Q13. How do Living Labs fit into cancer-detection projects?
A genetics clinic can turn into a real-world testing ground where patients help shape how things run. By trying out new steps right on site, teams see what works through actual use – not just theory. Quick rounds of build-test-learn highlight hiccups early, especially around consent or sharing results. These cycles move fast: draft an idea, get reactions, then adjust in the field. Problems like data handling or timing pop up before big studies begin. With focused design and smart engineering, changes stay practical, grounded, and swift.
Q14. Any benchmarks or references we should keep in mind?

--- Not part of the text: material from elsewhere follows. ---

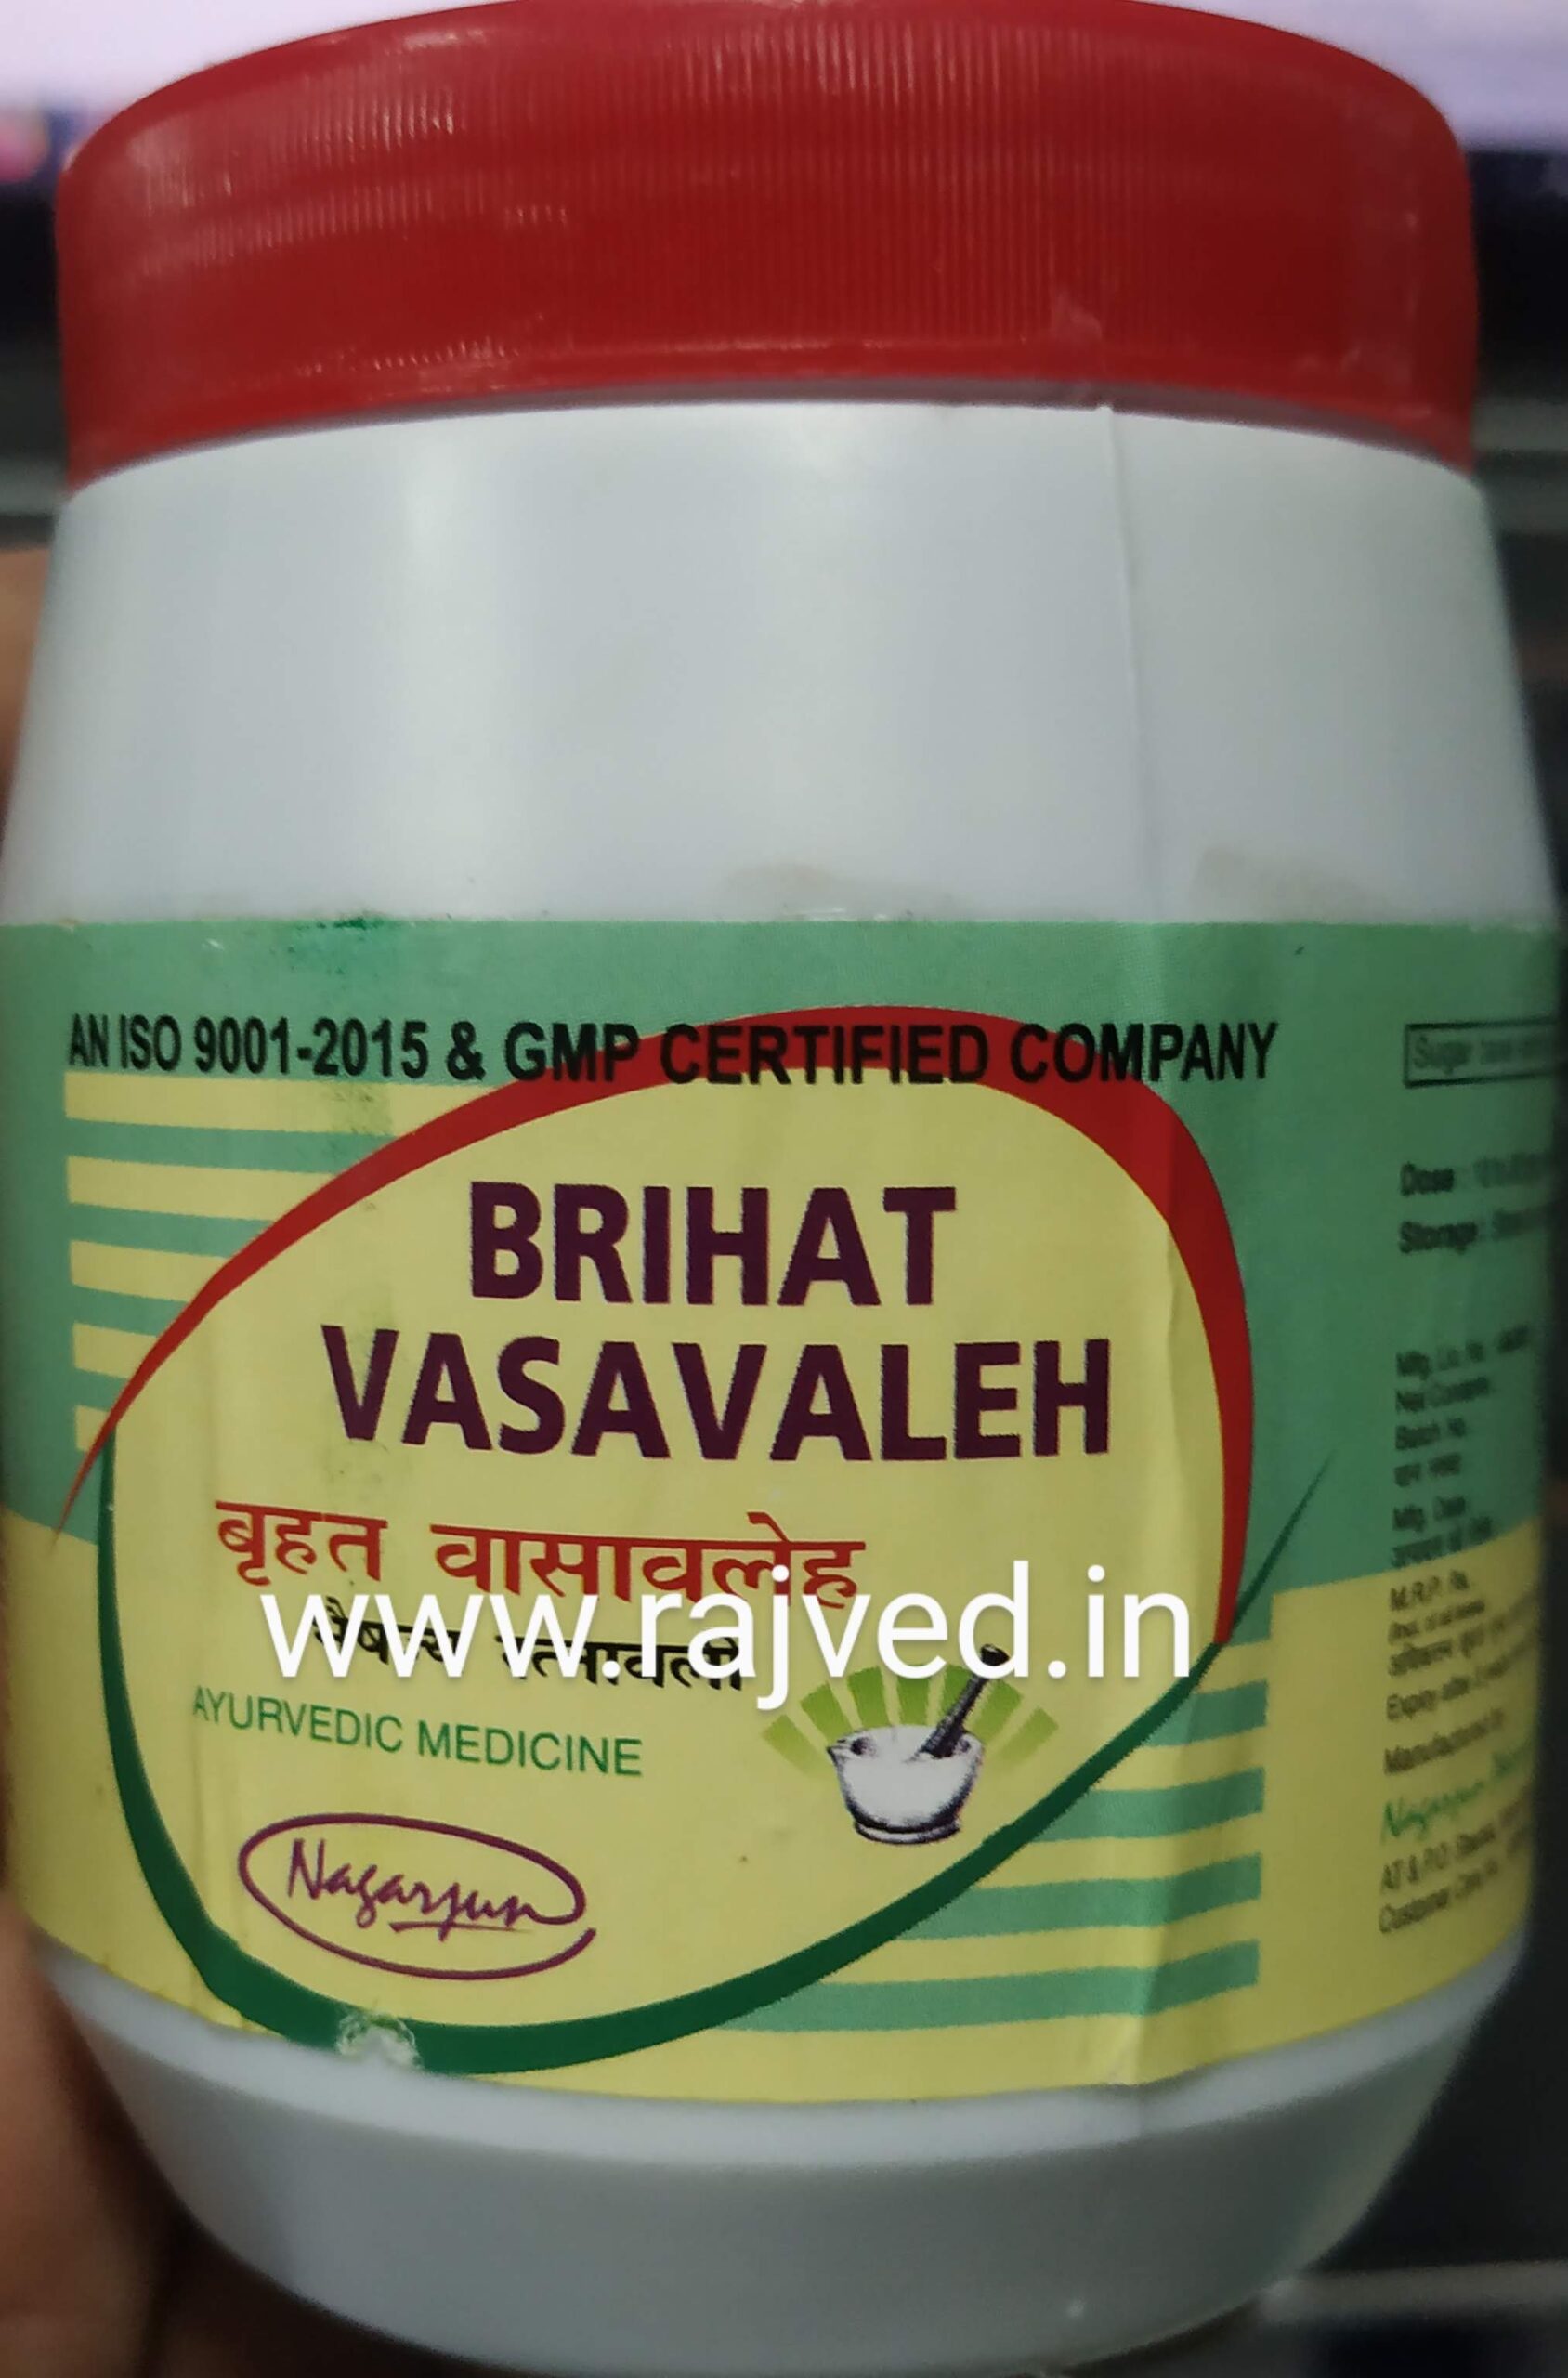 vasavleh brihat 200 gm upto 20% off Nagarjun Pharma Gujarat
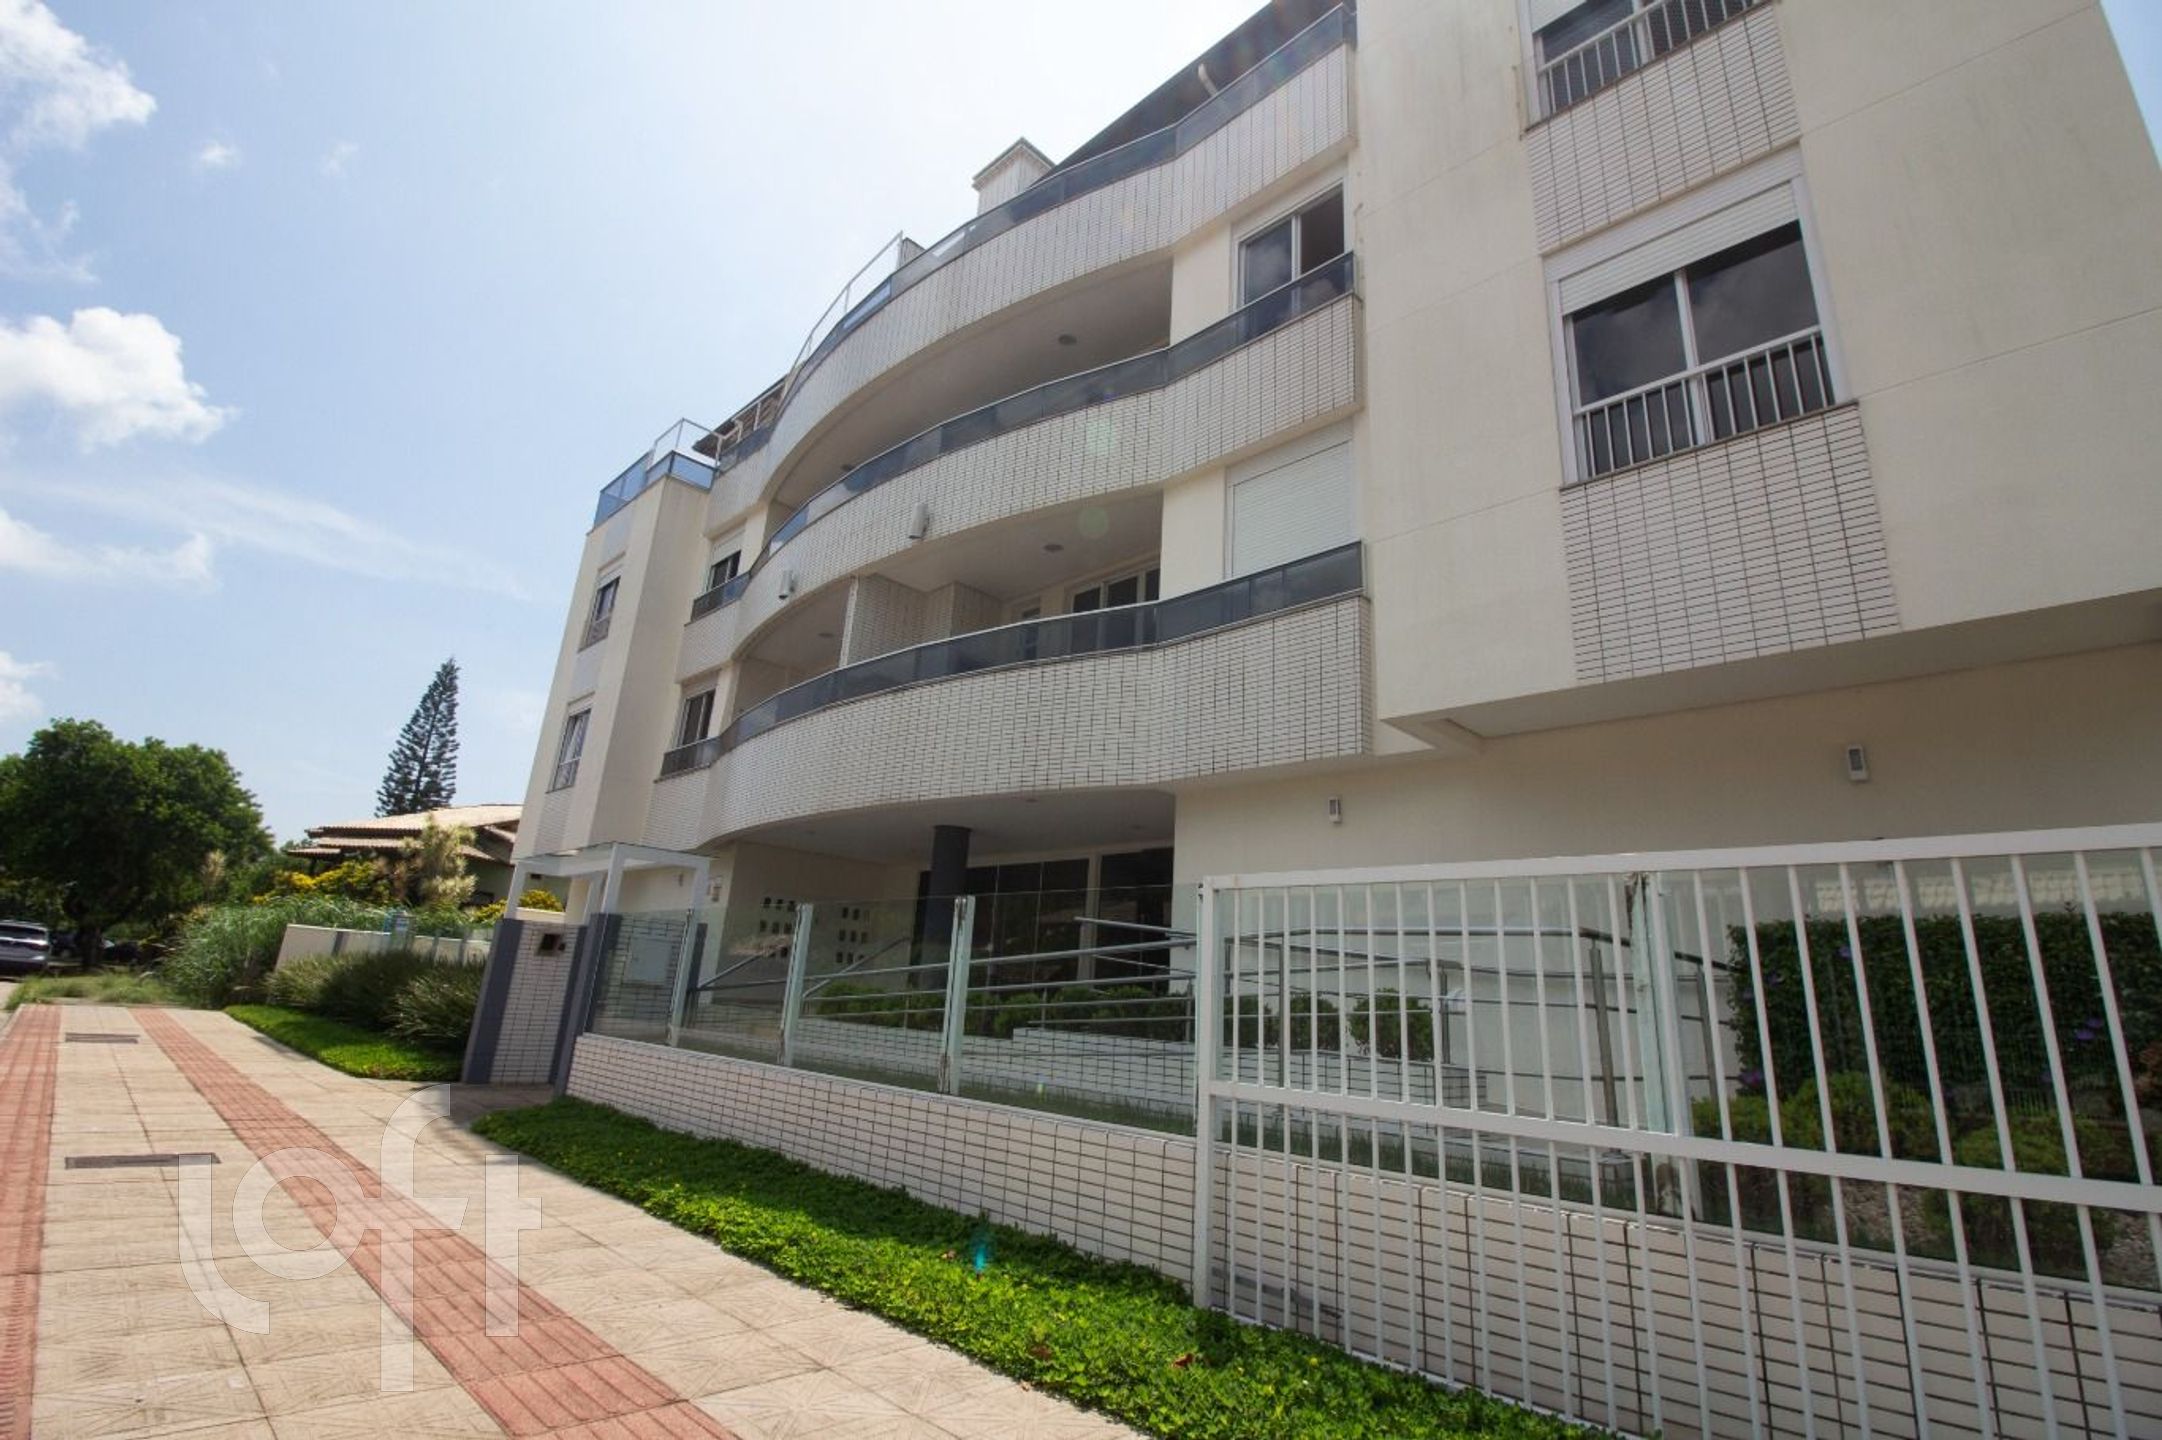 VENDA &#8211; Apartamento de 2 quartos no bairro Lagoa Pequena, Florianópolis &#8211; PU19wx06l

A starting point? Think about real-world data on how often BRCA1/2 or Lynch mutations actually lead to disease – those figures come from broad population research. Frameworks assessing cancer screening quality, such as those developed by EUnetHTA, also offer grounding. Then there’s what IVDR spells out across its thirteen annexes: clear bars for proving clinical validity. Shift focus to patterns observed in practice: specialized clinics spot inherited syndromes in roughly 1 in 20 patients. Outcomes differ sharply when testing people without symptoms – the rate drops well under one percent. These differences shape predictions about false alarms and detection rates. They matter just as much when deciding how many individuals a study needs.
Q15. What should we prepare before contacting MIC?
A single page laying out the condition under focus, who it’s meant for, how well it should work – including minimum benchmarks – along with proposed locations and tissue banks involved, plus identifiers or anticipated results. In return, expect a setup outline, clarity on who does what, a schedule marked by decision checkpoints, and tools chosen to minimize differences across centers.